DATA >>
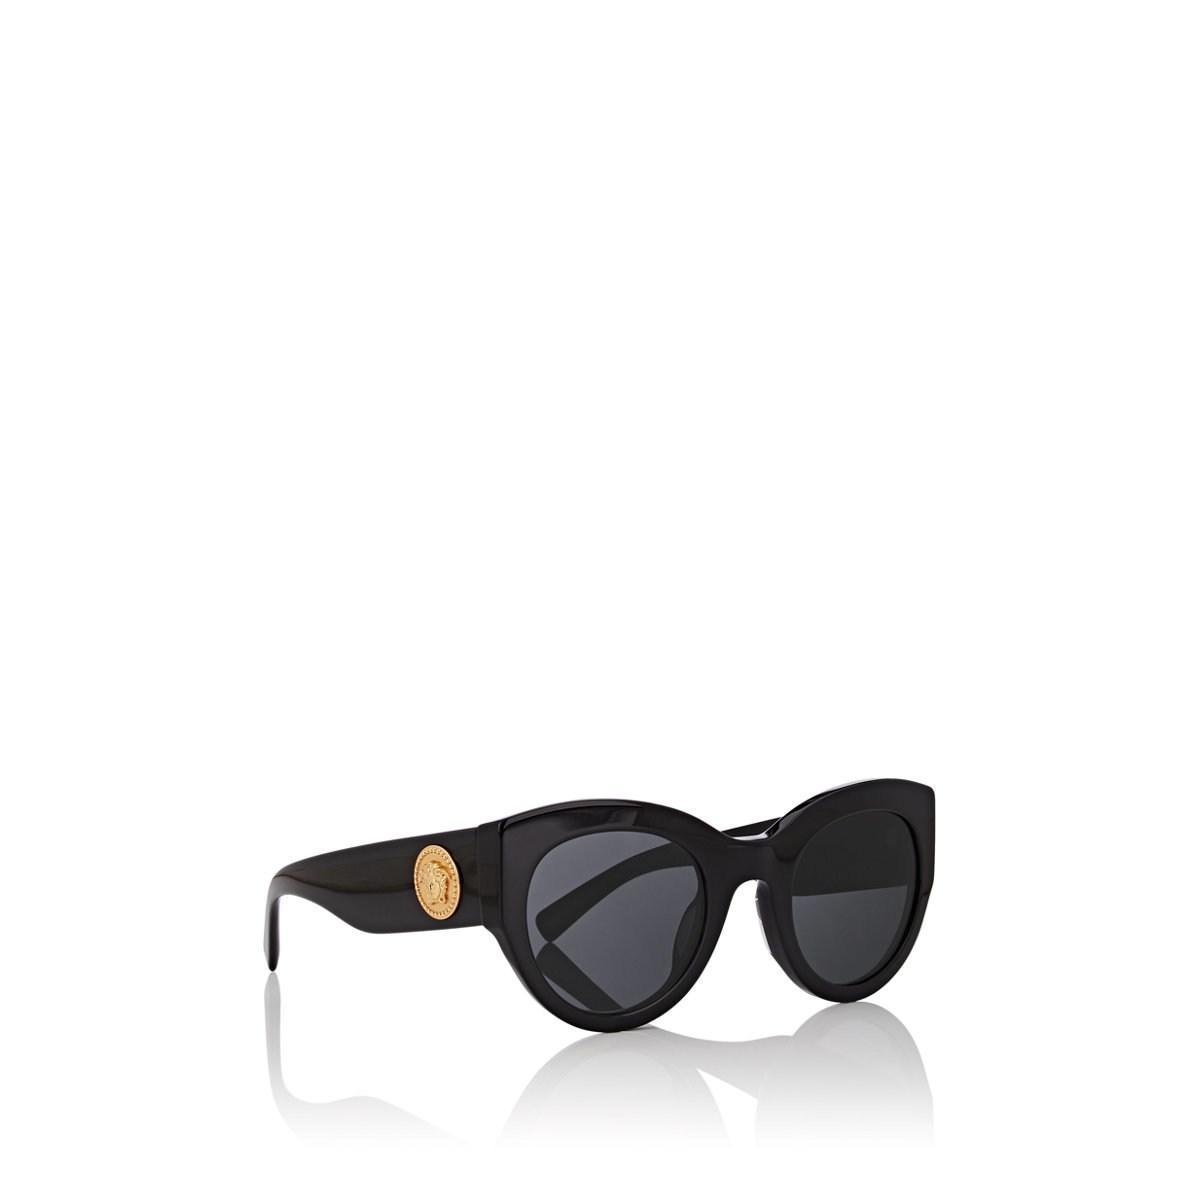 f694be784530 Versace - Black Tribute Sunglasses - Lyst. View fullscreen
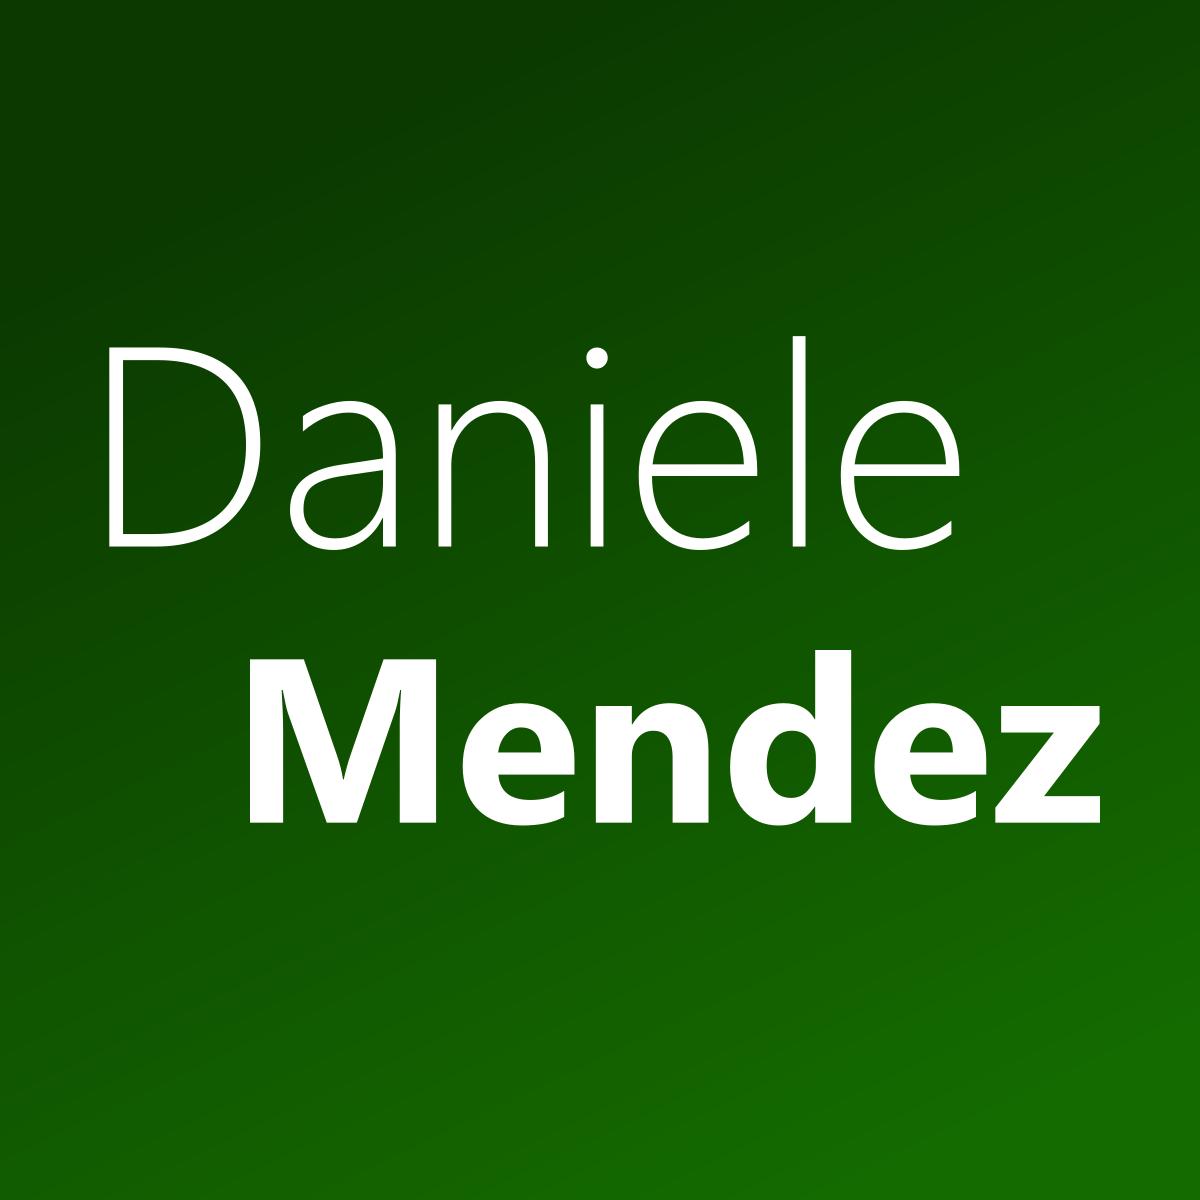 Daniele Mendez
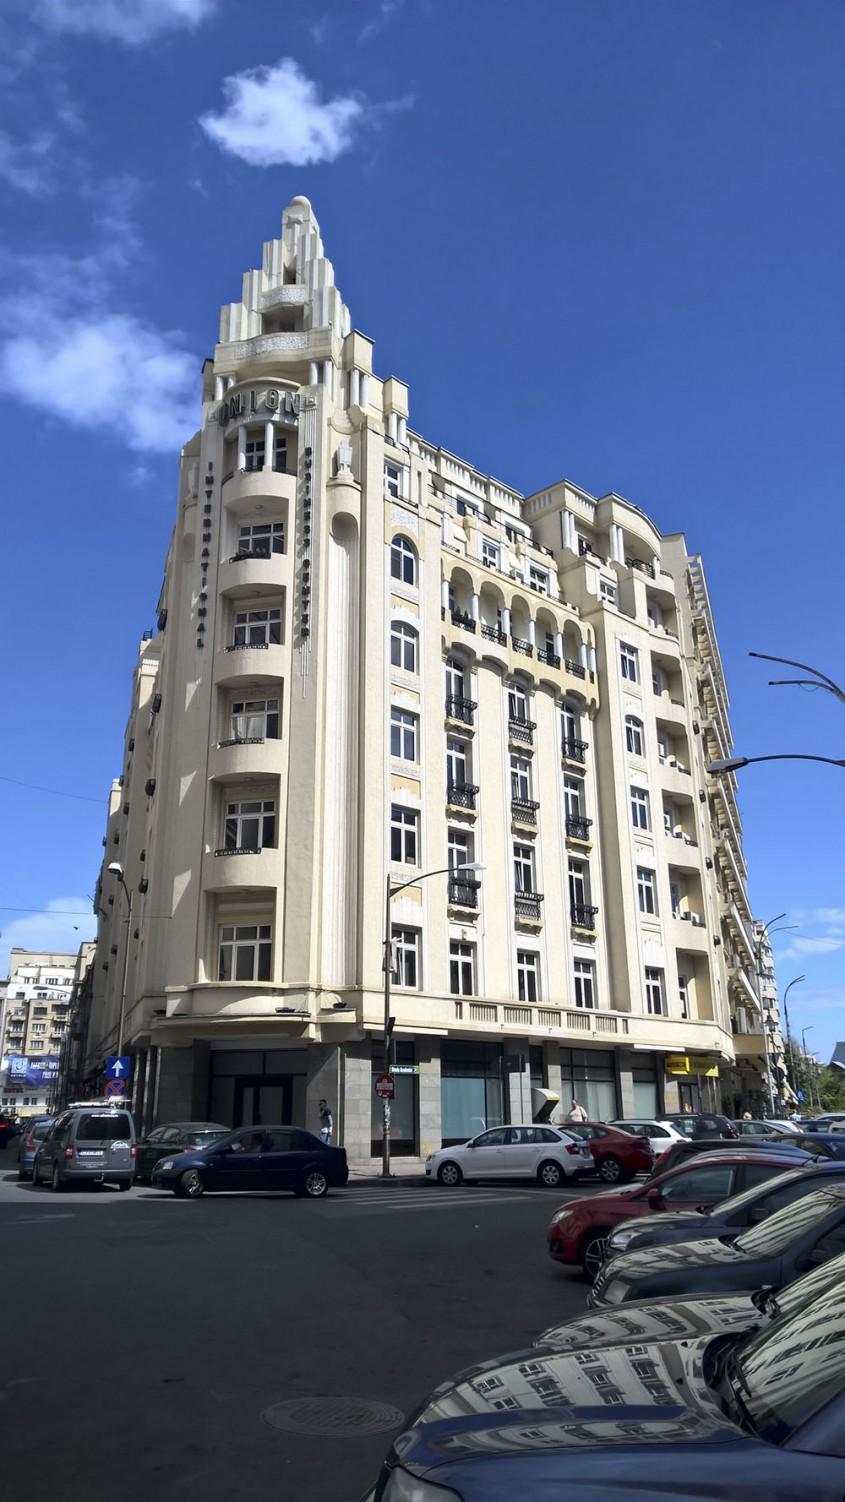 B MAD 2 0 Art Deco & Bulevardele Centrale a lansat primul traseu virtual Art Deco
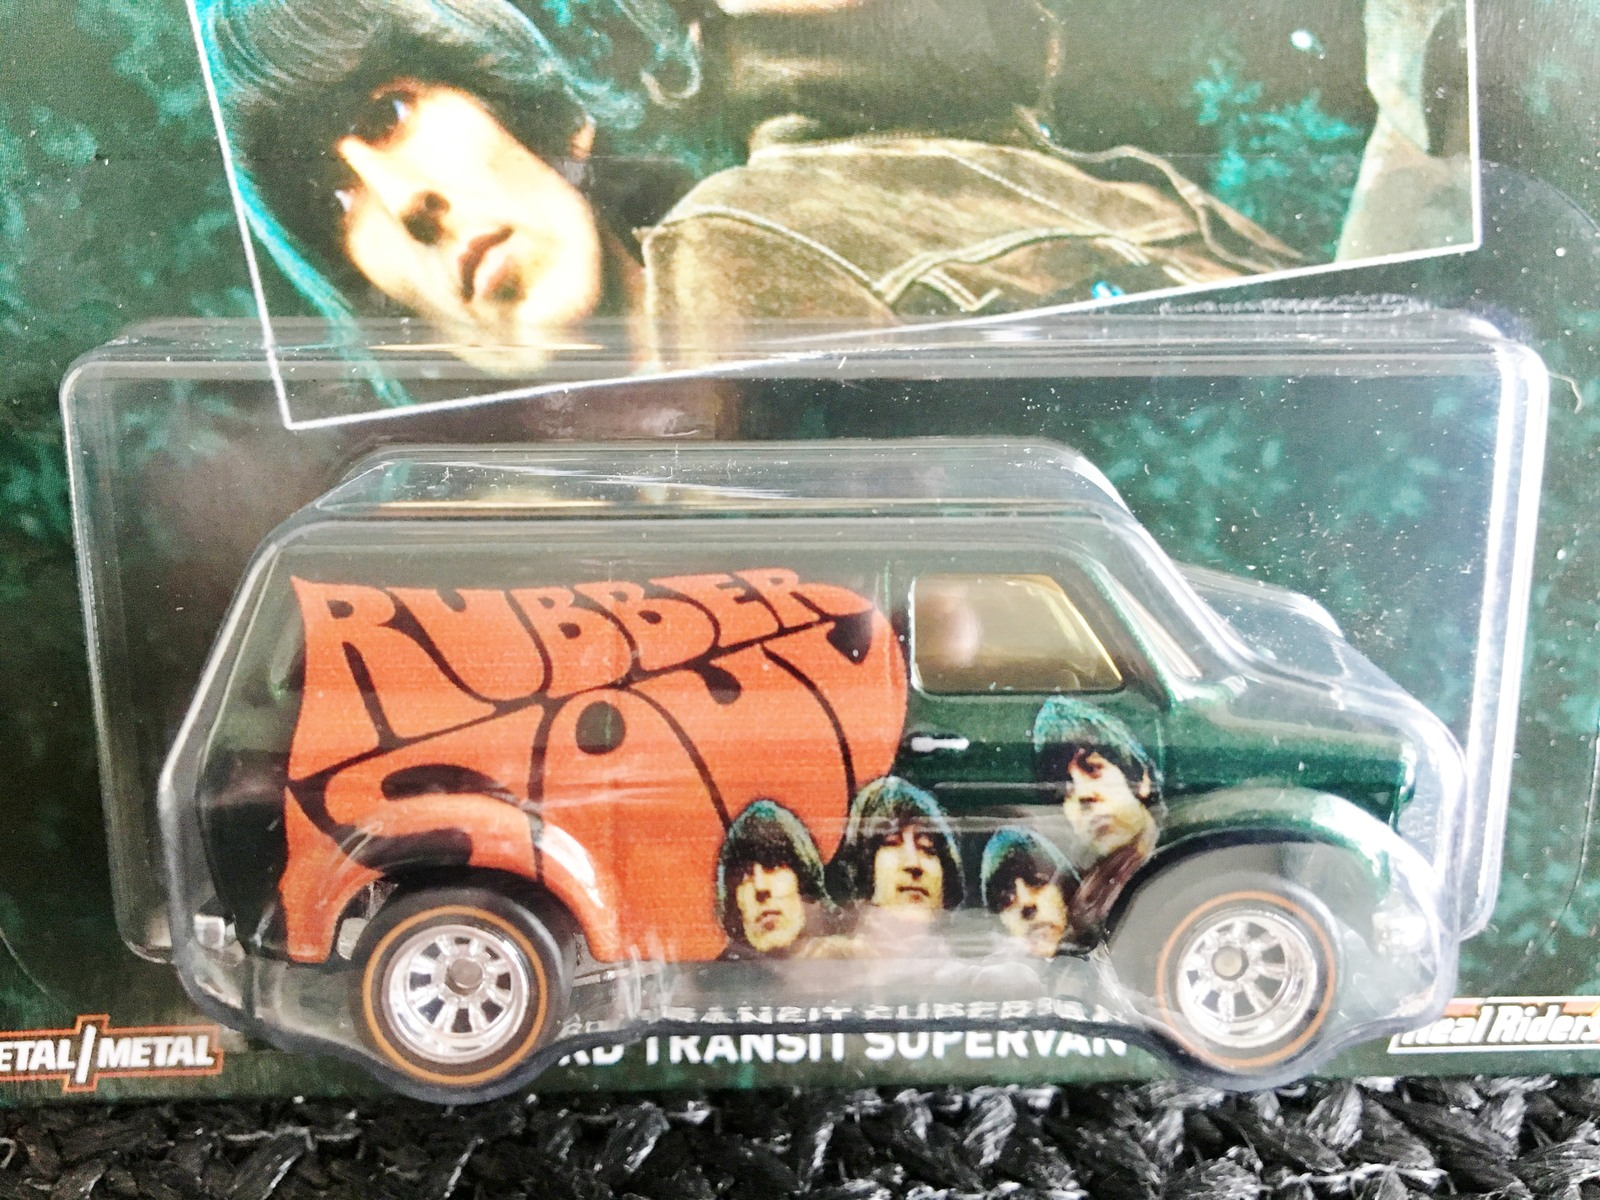 Hot Wheels The Beatles ALBUM RUBBER SOUL FORD TRANSIT SUPERVAN Metal RealRider

YOUR TASK >> Please print the material exactly as given above, omitting the pictures.

RESPONSE TO THIS EXERCISE >>
 f694be784530 Versace - Black Tribute Sunglasses - Lyst. View fullscreen
 Daniele Mendez
 B MAD 2 0 Art Deco & Bulevardele Centrale a lansat primul traseu virtual Art Deco
 Hot Wheels The Beatles ALBUM RUBBER SOUL FORD TRANSIT SUPERVAN Metal RealRider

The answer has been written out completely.